This project is part of the Udacity data analysis nanodegree.
In this project, I am exploring data related to bike share systems for three major cities in the United States; Chicago, New York City, and Washington. After taking input from the user, this script answers interesting questions about the data by computing descriptive statistics using pandas library.
Language: Python 3.7 or above
Supported OS: Linux
Use one of the following commands in terminal after navigating to the project's directory to install the project requirements.
conda env create -f environment.yml
or
pip install -r requirements.txt
Run the commands below from terminal after navigating to the project directory.
conda activate bikeshare
python bikeshare.py
The script uses bullet library to take input from the user.
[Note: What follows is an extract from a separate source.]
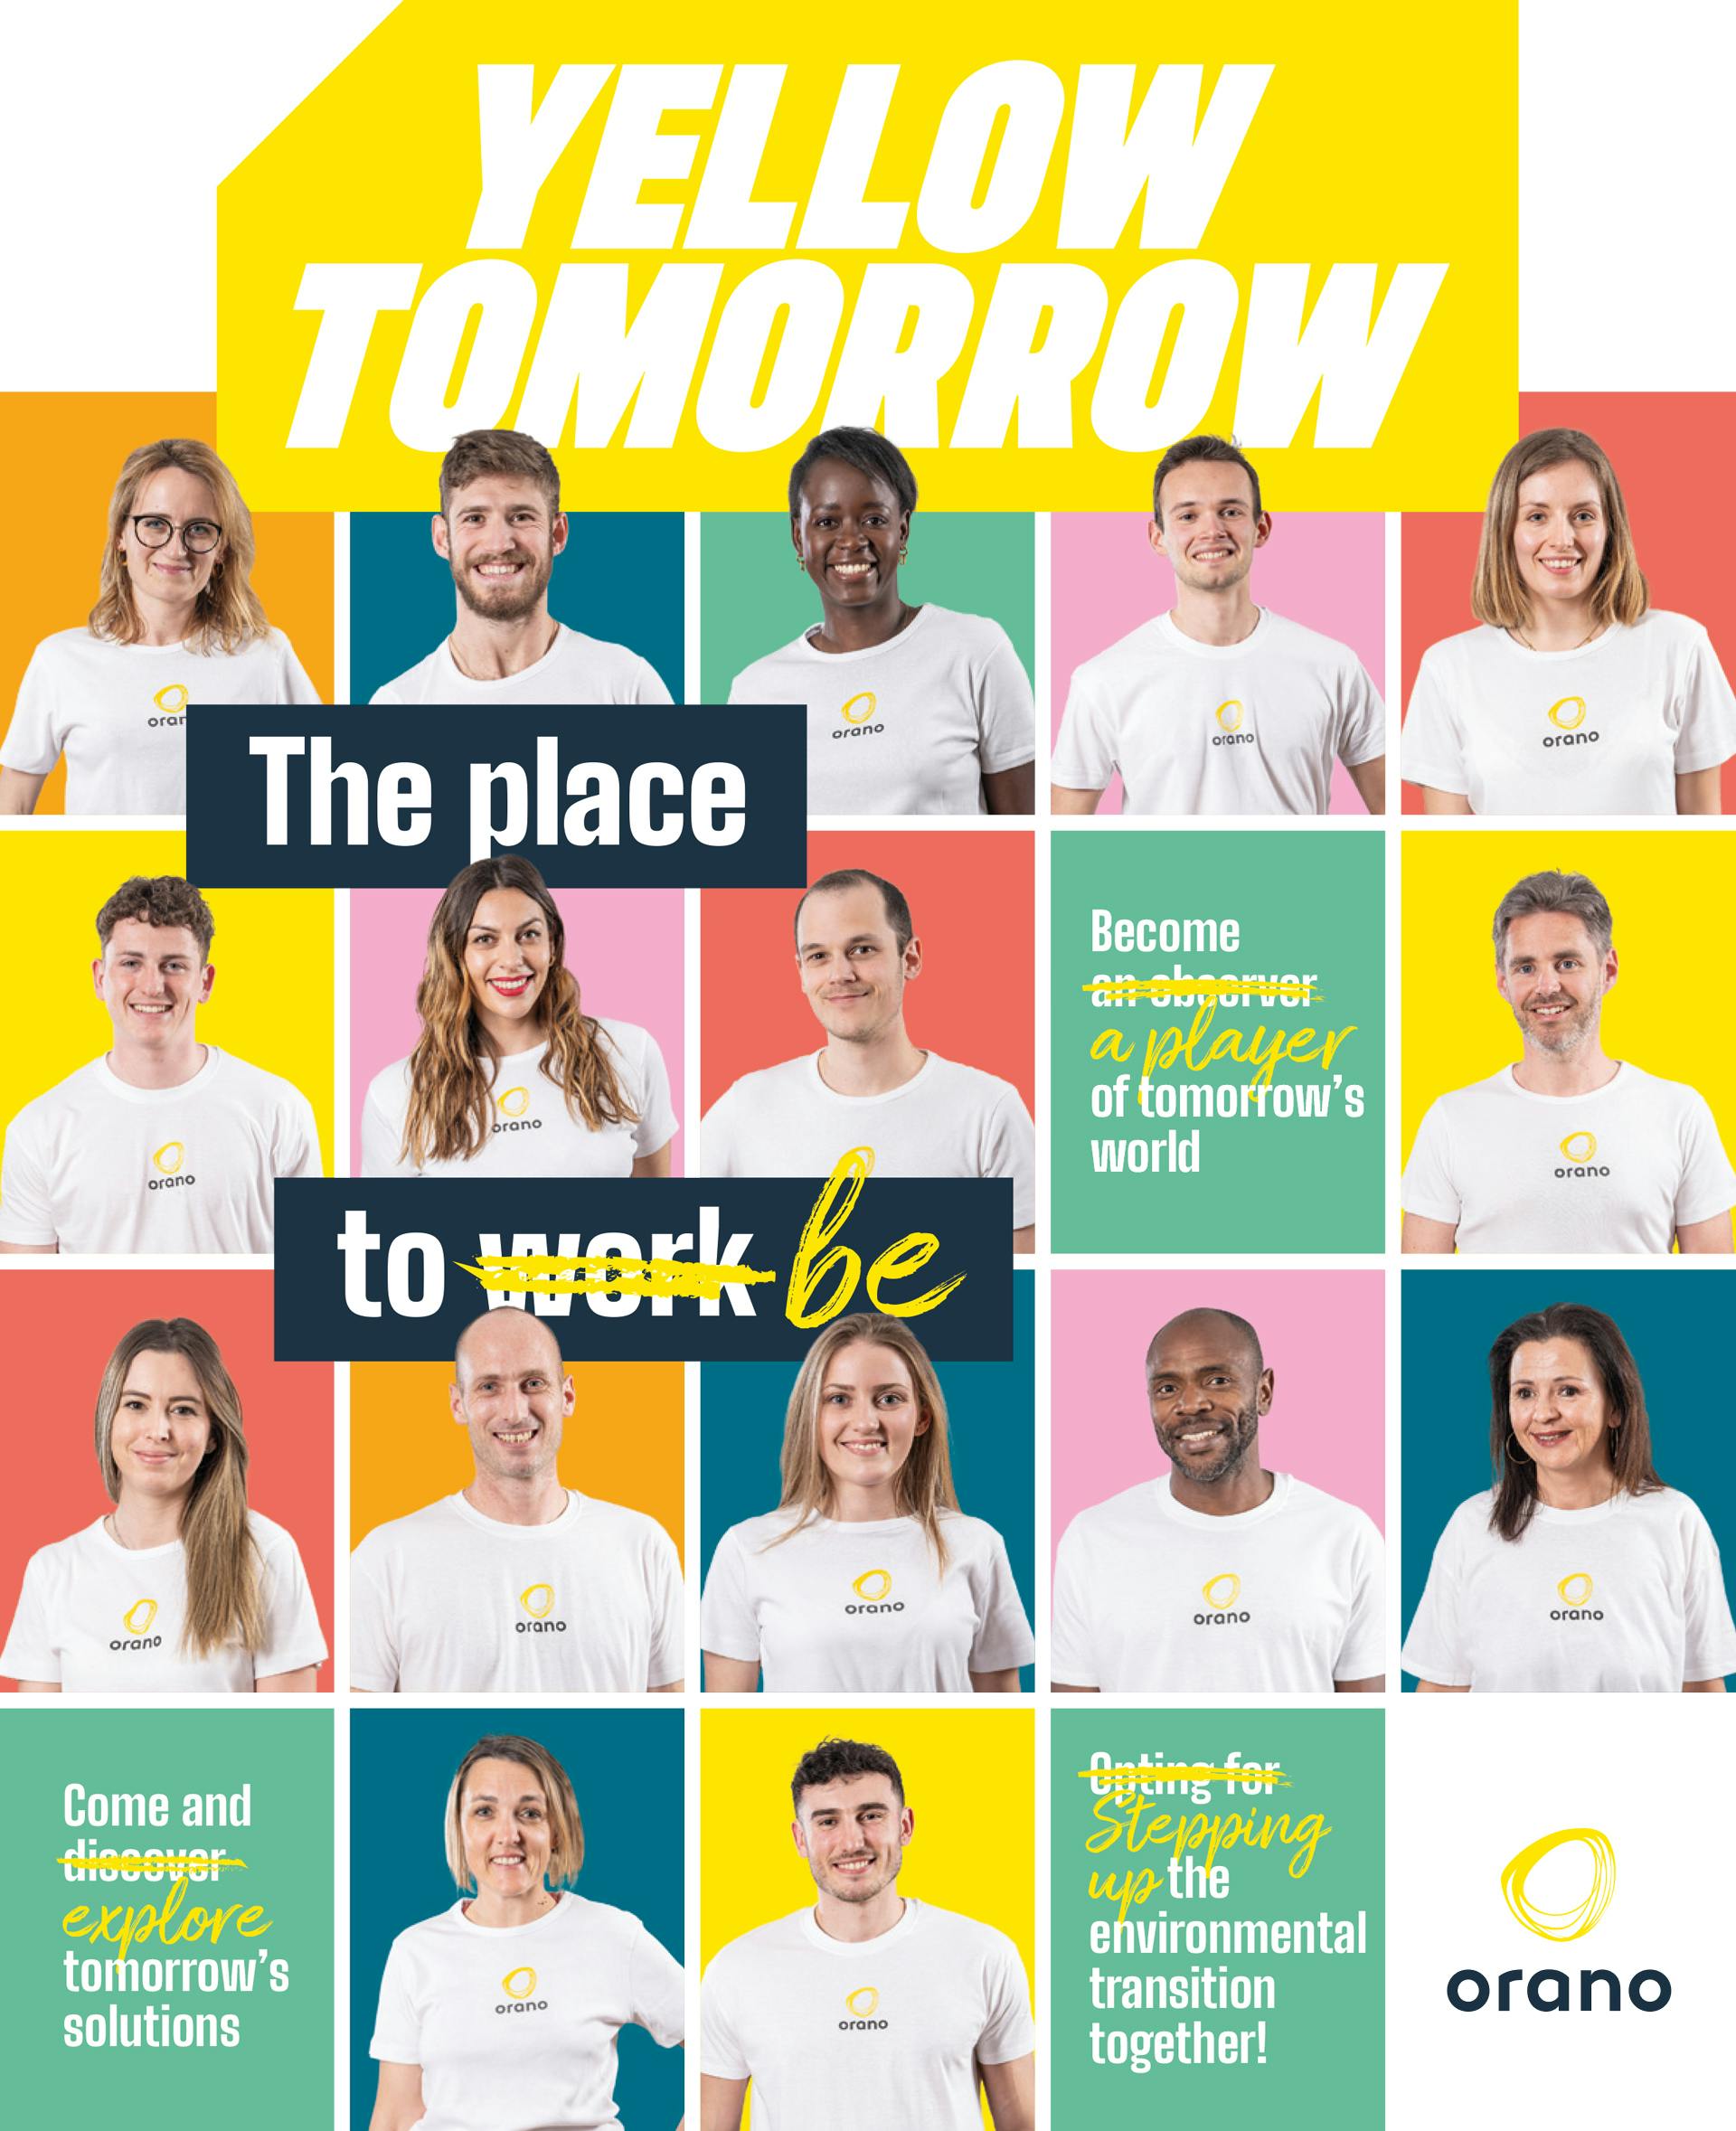 Yellow tomorrow. The place to be. Become a player of tomorrow's world. Come and explore tomorrow's solutions. Stepping up the environmental transition together! Orano

The user must choose one of the three aforementioned cities. Afterwards, the user is asked to choose the filters based on which the statistics are computed.
Available filters:
- Month: filter by a specific month only
- Day: filter by a specific day of the week only
- Both: filter by a specific month and day of the week
- None: no filters
The user is then prompted to choose the month, day or both based on the filter choice.
Station statistics:
- Most used start station
- Most used end station
- Most used combination of start and end stations
Trip duration statistics:
- Total trip duration
- Average trip duration
User statistics:
- Subscribers vs. customers distribution
- Gender distribution
- Earliest year of birth, most recent year of birth and most common year of birth
The user is prompted if he/she wishes to view individual raw trip data. If the user inputs "yes", the data of 5 trips will be presented in raw format.
The same prompt is repeated until the user inputs "no". The user is finally prompted if he/she wishes to restart the exploration.
- Add visualizations using plotly or termplotlib